A deep learning-based method for vision-based tactile sensing

To effectively interact with their surrounding environment, robots should be able to identify characteristics of different objects just by touching them, like humans do. This would allow them to get hold of and manage objects more efficiently, using feedback gathered by sensors to adjust their grasp and manipulation strategies.

With this in mind, research groups worldwide have been trying to develop techniques that could give robots a sense of touch by analyzing data collected by sensors, many of which are based on the use of deep learning architectures. While some of these methods are promising, they typically require vast amounts of training data and do not always generalize well across previously unseen objects.

Researchers at ETH Zurich have recently introduced a new deep learning-based strategy that could enable tactile sensing in robots without requiring large amounts of real-world data. Their approach, outlined in a paper pre-published on arXiv, entails training deep neural networks entirely on simulation data.

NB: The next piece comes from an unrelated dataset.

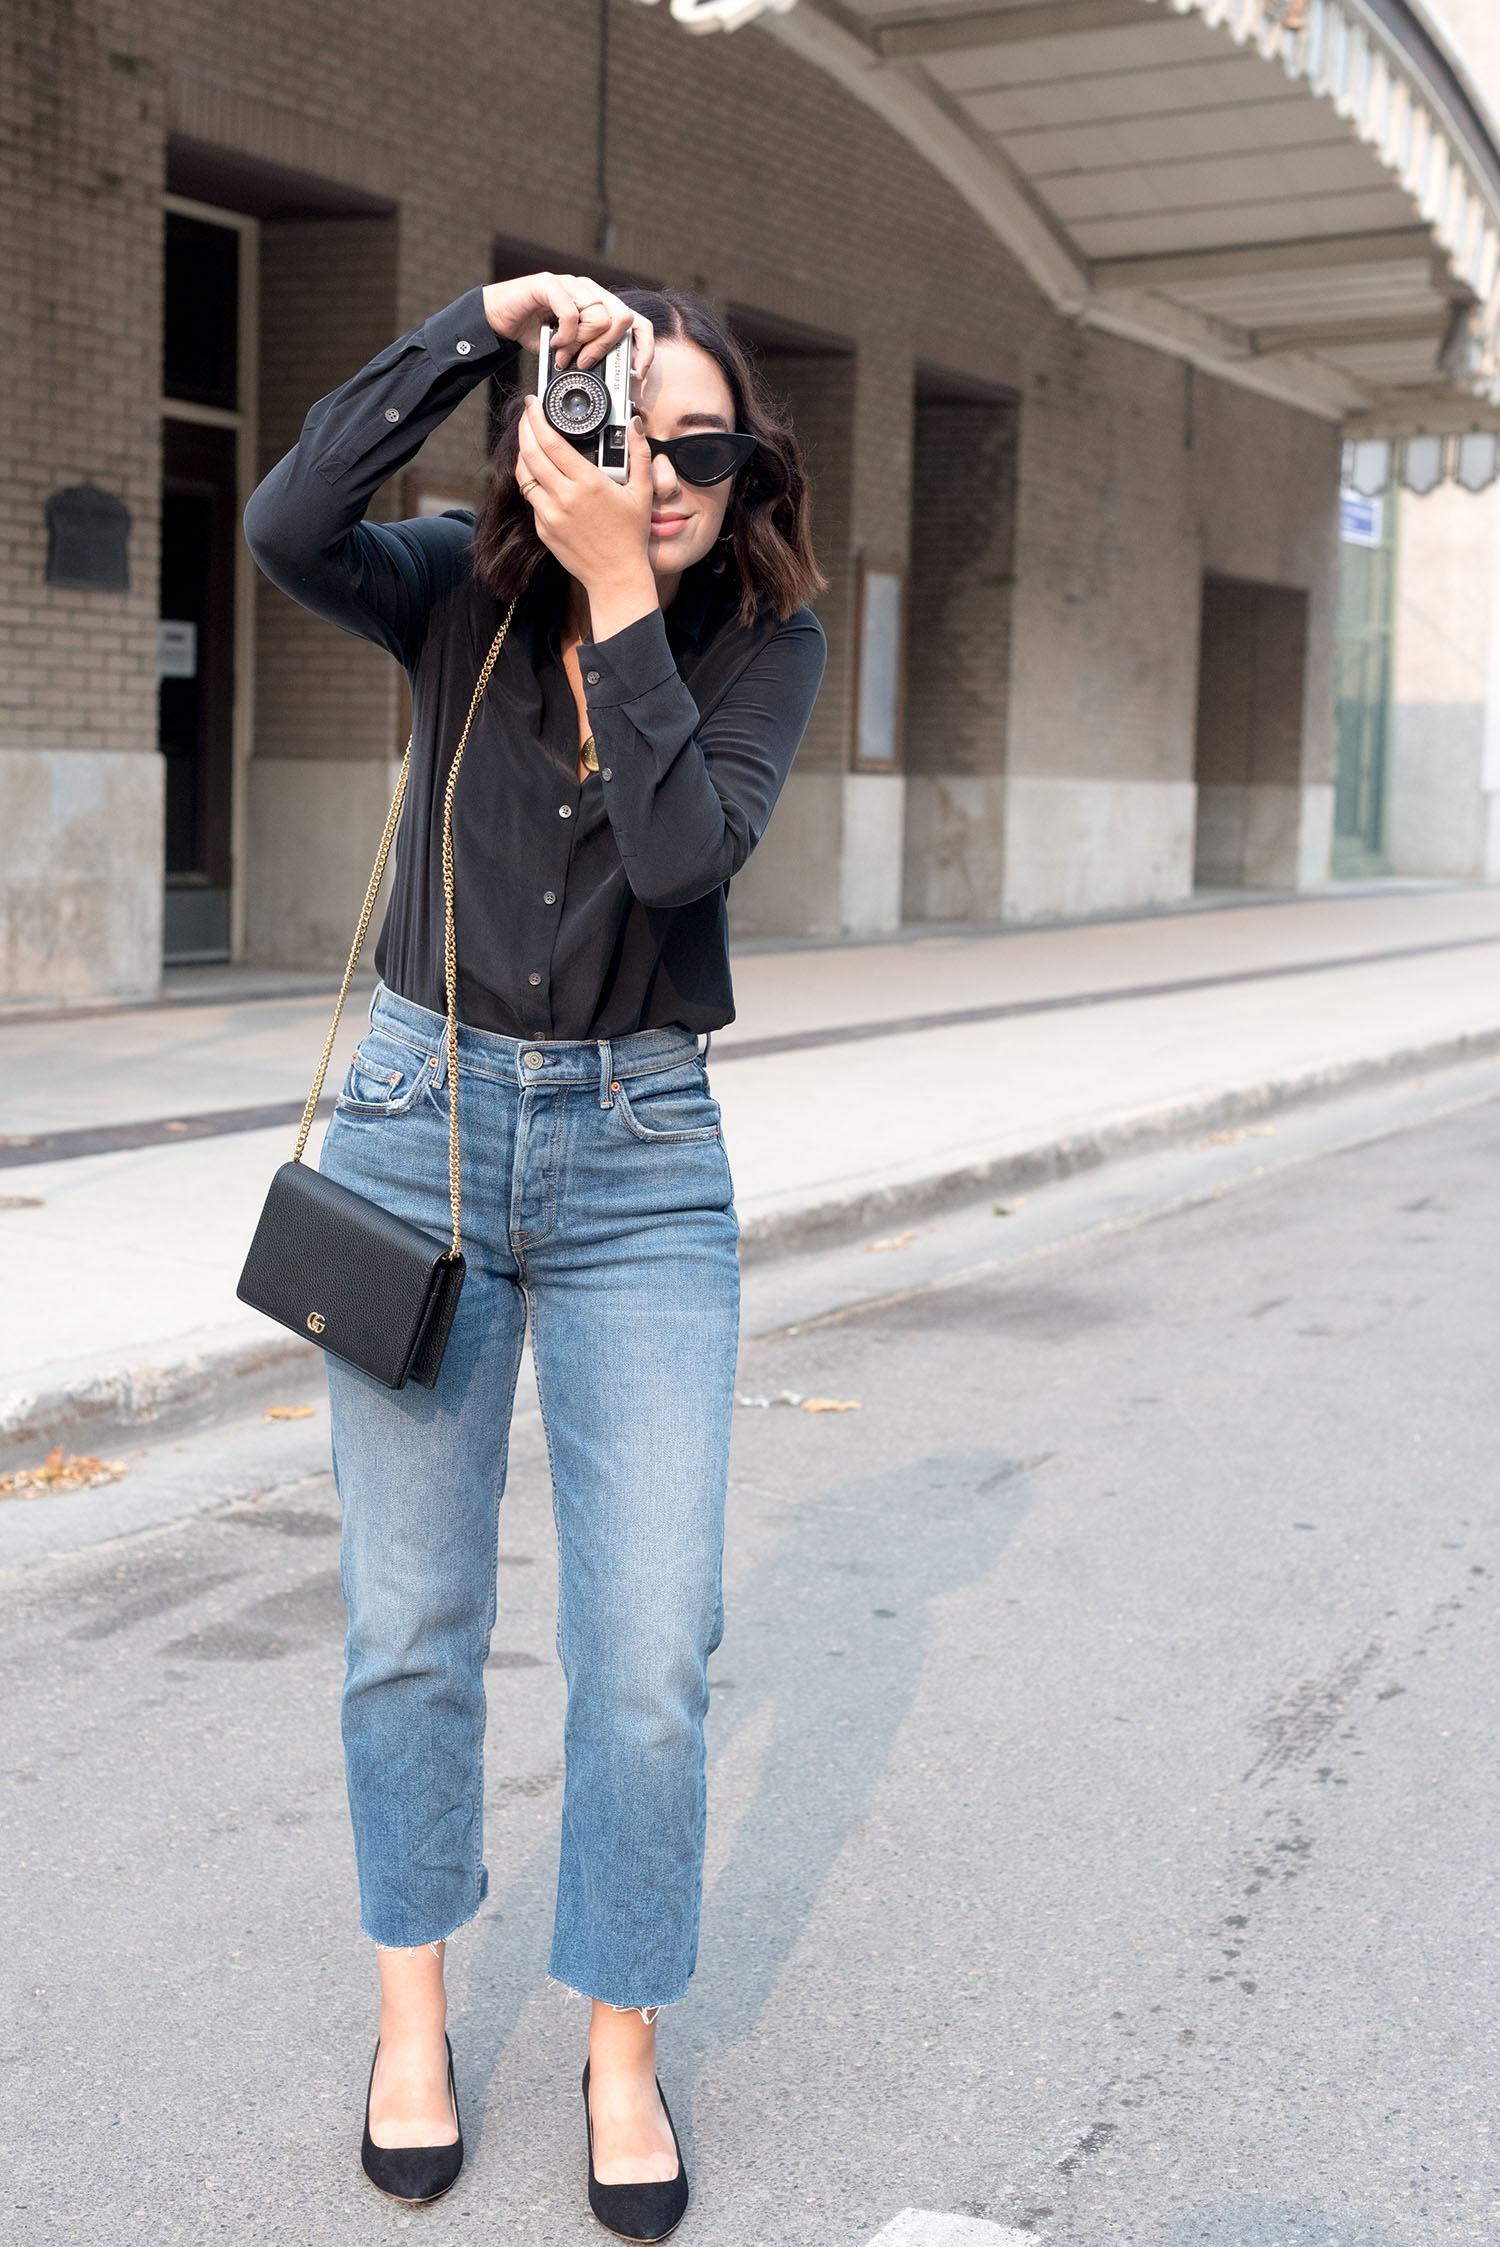 Top Winnipeg fashion blogger Cee Fardoe of Coco & Vera talks a photo with an Olympus Trip camera while wearing Grlfrnd Helena jeans and carrying a Gucci Marmont handbag
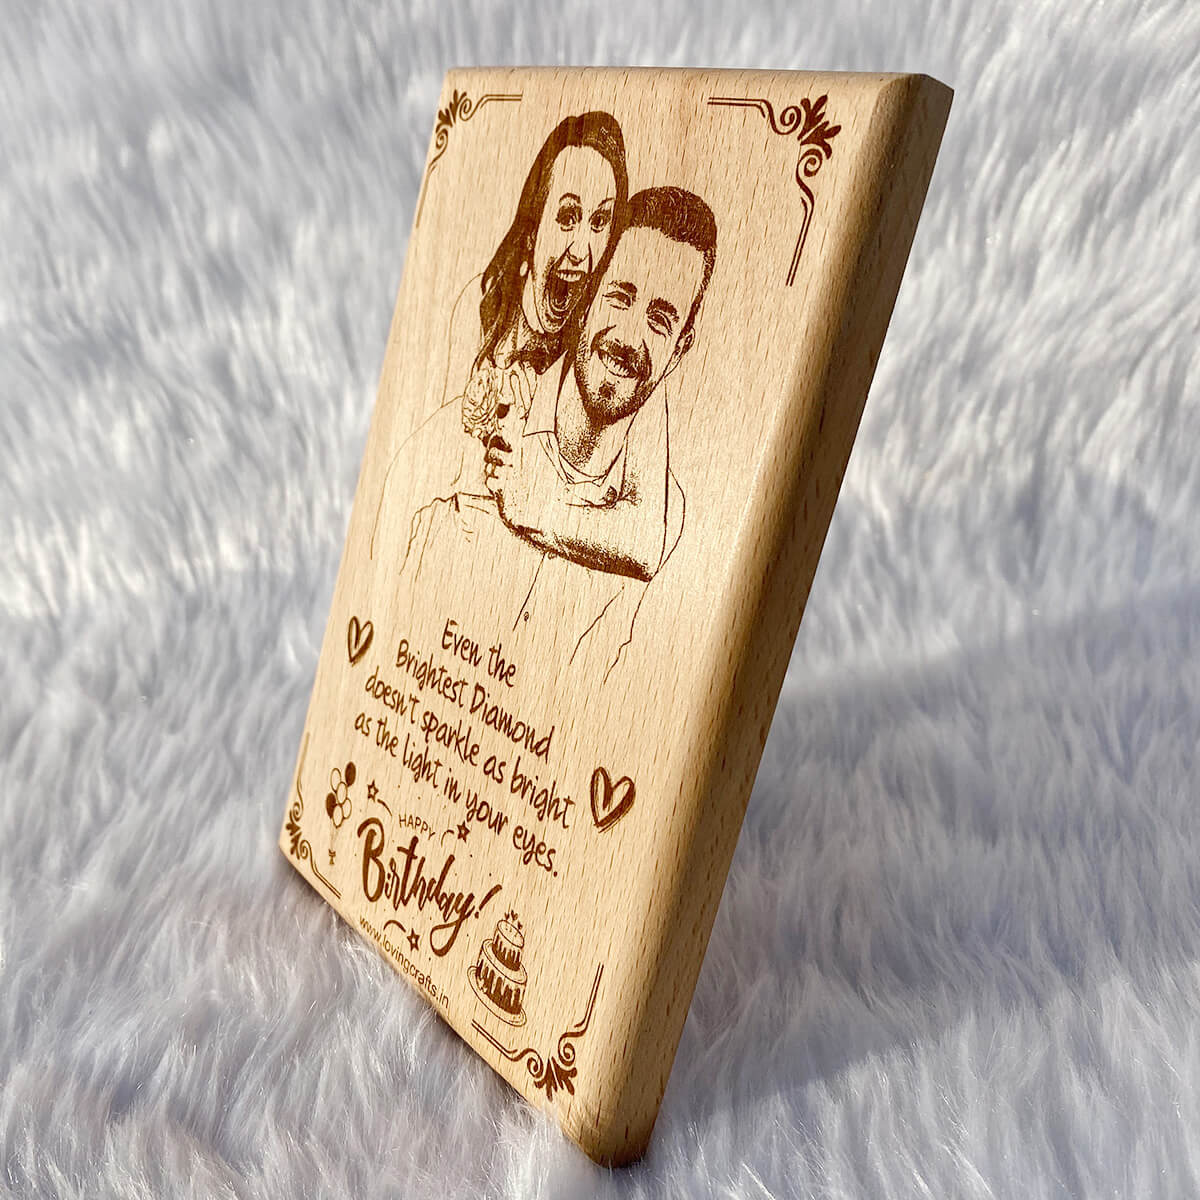 Personalised Wooden Engraved Photo Frame

"Our technique learns from data how to predict the distribution of the forces exerted by an object in contact with the sensing surface," Carlo Sferrazza, one of the researchers who carried out the study, told TechXplore. "So far, this data (in the order of tens of thousands of data points) needed to be collected in an experimental setup over several hours, which was expensive in terms of time and equipment. In this work, we generated our data entirely in simulation, retaining high sensing accuracy when deploying our technique in the real world."

In their experiments, Sferrazza and his colleagues used a sensor they built with simple and low-cost components. This sensor is comprised of a standard camera placed below a soft material, which contains a random spread of tiny plastic particles.

When a force is applied to its surface, the soft material deforms and causes the plastic particles to move. This motion is then captured by the sensor's camera and recorded.

"We exploit the image patterns created by the moving particles to extract information about the forces causing the material deformation," Sferrazza explained. "By densely embedding the particles into the material we can obtain an extremely high resolution. Since we take a data-driven approach to solve this task, we can overcome the complexity of modeling contact with soft materials and estimate the distribution of these forces with high accuracy."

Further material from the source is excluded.